The enemy fifty-caliber hadn’t fired another round following the twin blast of flechettes from the Ontos and that was more than just a minor relief. It meant that the NVA was down, probably hidden away until we passed. I moved faster to get closer to the rear of the noisy roar of the Ontos’ engine. Cowboy came back for another run but this time he didn’t allow the Skyraider to slow and drop bombs. This time the 20mm cannons mounted in the thing’s wings poured fire down into the jungle ahead of us.

It was a satisfying sound but even more satisfying was looking up to see that the loitering plane still had what seemed like at least a half a load more of bombs and other stuff hanging from under its wings. Cowboy would be coming back time after time. We might make it to the end of the jungle area.

Small explosions came from up ahead and the Ontos slowed. I moved, with Fusner and Nguyen to flank the machine, fully aware that standing directly behind it could be disastrous if it fired any of its guns again. I tried to peer forward through the leafy brush and bamboo but it was useless. There were no easily visible smoke trails, as we’d passed that part of the burning underground tunnel complex. Marine M-60s opened up from both flanks. The explosions I’d heard had to have been grenades, and those hadn’t sounded like American models. The ChiCom grenades the NVA carried made bigger luffing explosions than U.S. inventory, but the weapons were plagued by duds because of their water sensitive friction fuses.
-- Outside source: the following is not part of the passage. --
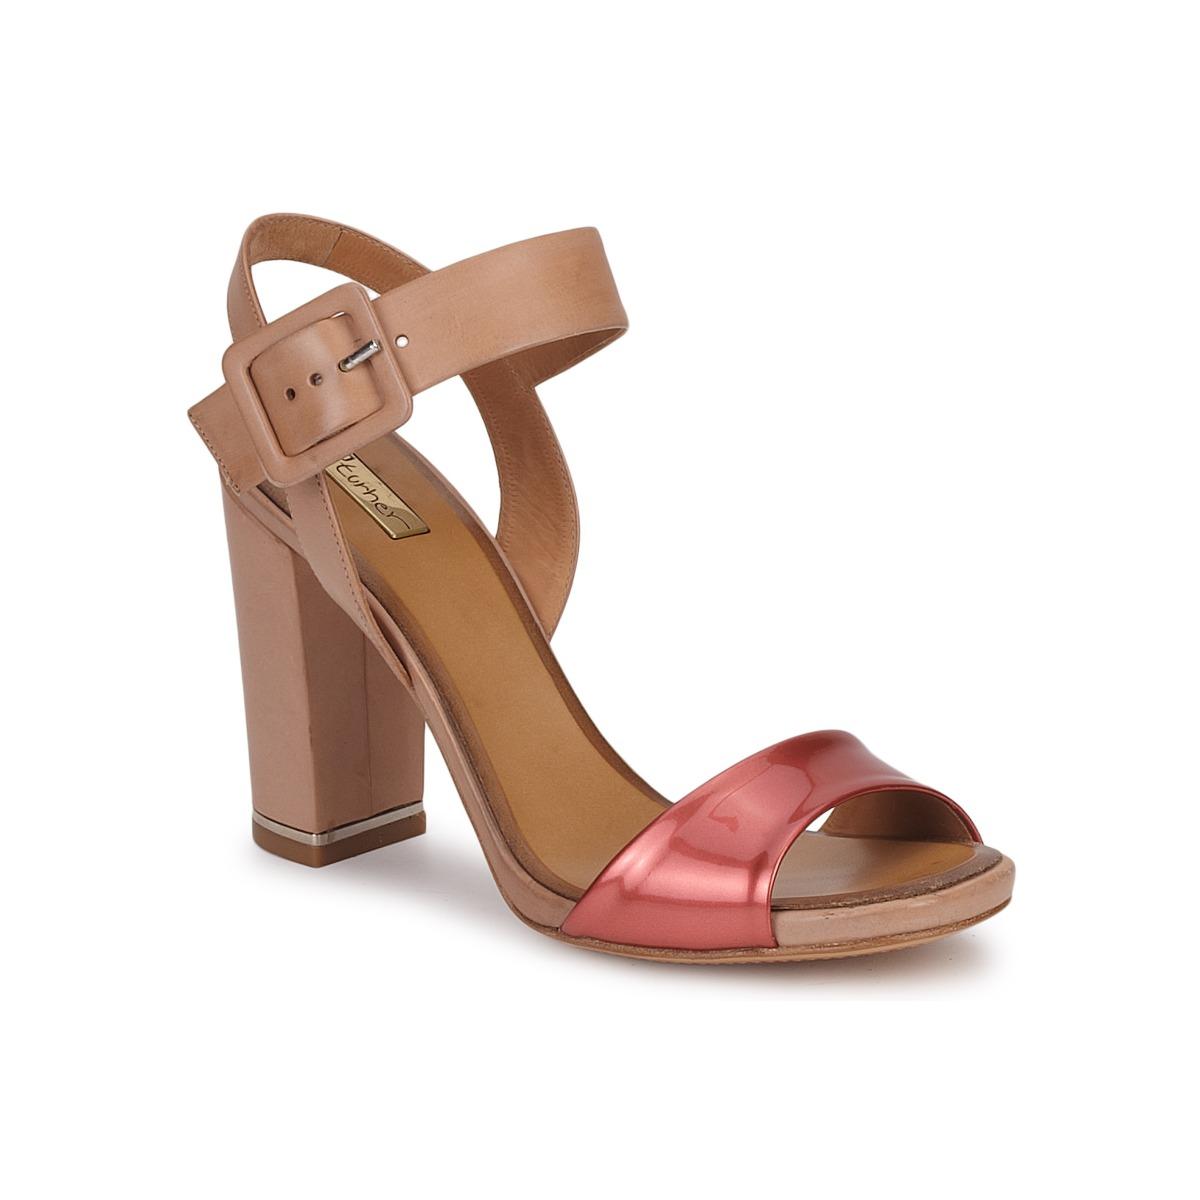 Eva Turner  Bronze / Rot - Kostenloser Versand bei Spartoode ! - Schuhe Sandalen / Sandaletten Damen 180,50 €

The body of the German type “potato masher” Chinese variants were poorly machined and carried no fragmentation wire inside them.

Although I could not see all the elements somehow coordinating in our attack, I knew they were there and the attack was working. The good fortune of the underground fire, the brilliance of Cowboy’s single Skyraider performance and the dogged endurance of a tattered but hardened Marine unit made up of many deeply disturbed and frightened men was proving to be overwhelming. The NVA had, once again, underestimated just how tough and determined the company could be when backed into a corner.

The rain began pouring back down as Cowboy brought the Skyraider back down to start another run. I moved into the scattered mess of jungle behind the Ontos, more like an armed predatory spider than a uniformed human combatant.